I think the other thing is that as we've planned the acquisition, we've looked at actually investing more G&A dollars there to really get medical management savings and I think we've mentioned that at the beginning of the transaction that things like payment integrity, fraud ways and abuse; all the analytic capabilities that we have here that we can support them with case management system, etcetera, etcetera. We think more of the opportunity is in medical expense versus G&A.
And our final question today comes from Ana Gupte from Leerink Partners. Please go ahead with your question.
The first question was on involve, I wanted to get a sense for how much you're actively marketing that Fide services outside obviously are growing quite remarkably as you're rolling up the acquisitions helpnet and then in the future Fidelis? But is that also targeted more beyond inside?
So our -- we're actually going through a strategic planning process uninvolved at present. One of the things that we want to do is make sure that those products are refreshed in a way that reflect the opportunities of the marketplace.

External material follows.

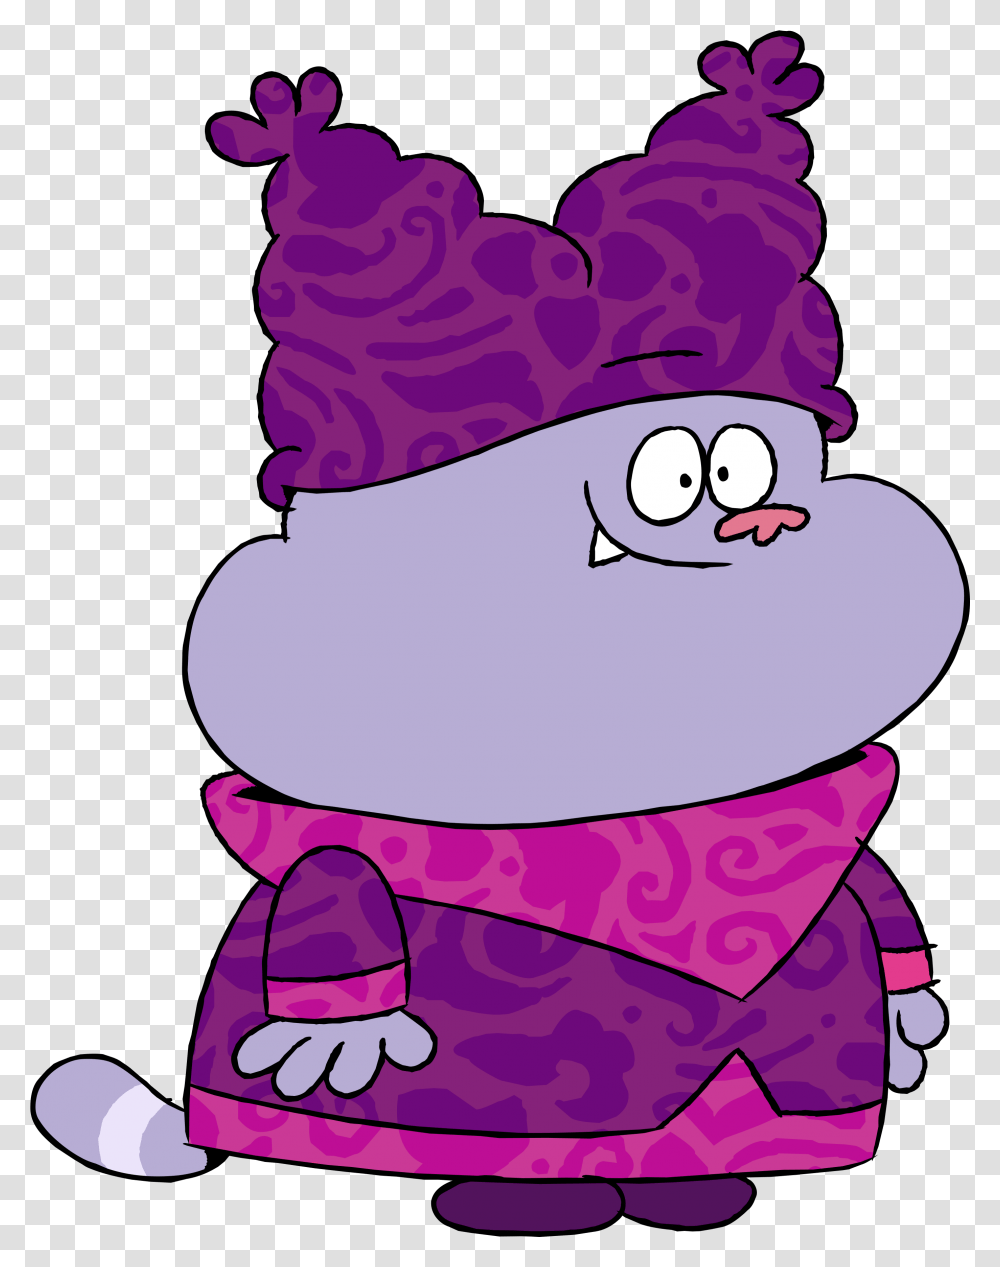 Chowder Chowder Cartoon, Clothing, Sweets, Food, Graphics Transparent Png

Let me just give you an example; so one of the things that we're looking at is whether our EAP Program can be reconfigured in a way to support social determinants in a way to get software they could actually have one of our members call in and be able to be directed to a housing shelter if they need shelter for that night or a food bank if they need access to food or other kinds of things. So our real focus right now is making sure that the involved suite is meeting the needs of the current market.
Off your current internal market, in other words?
Correct.
Okay, all right. Secondly, as you know, the growth is coming on both on involve as well as the base business that's all the roll ups; to what degrees there are more wide space on for profit conversions like you saw in Fidelis in New York, are there others elsewhere?
I think whether they are out there and I'm not going to talk too much about where we're going and how we're going and for obvious competitive reasons.
Okay, all right. And then finally, on the worker requirements, it looks like Virginia is on the brink of Medicaid expansion. What are your thoughts about you hearing around Florida or any of the other…
We're very supportive of the work requirements back when [indiscernible] was governor of -- Indiana was installed and we were very supportive there helping to how to do it. And I remind you it's childless adults who don't have physical disabilities and we think that's good public policy, we will work very diligently with the seats [ph] who want to do it to implement it in a very responsible way.
And ladies and gentlemen, at this time we'll conclude today's question-and-answer session. I'd like to turn the conference call back over to Mr. Neidorff for any closing remarks.
I just want to thank everybody. As we said, it's -- this quarter had a lot of moving parts because of Fidelis and different issues but it was a solid quarter, it was a stronger quarter, we eventually had anticipated, we planned forward, we're pleased with that. We're pleased with what how the safety use is going to unfold and looking forward to another very strong year. So, we thank you and look forward to talk to you in subsequent calls. Have a good day. Thanks.
Ladies and gentlemen, today's conference has now concluded. We do thank you for attending today's presentation. You may now disconnect your lines.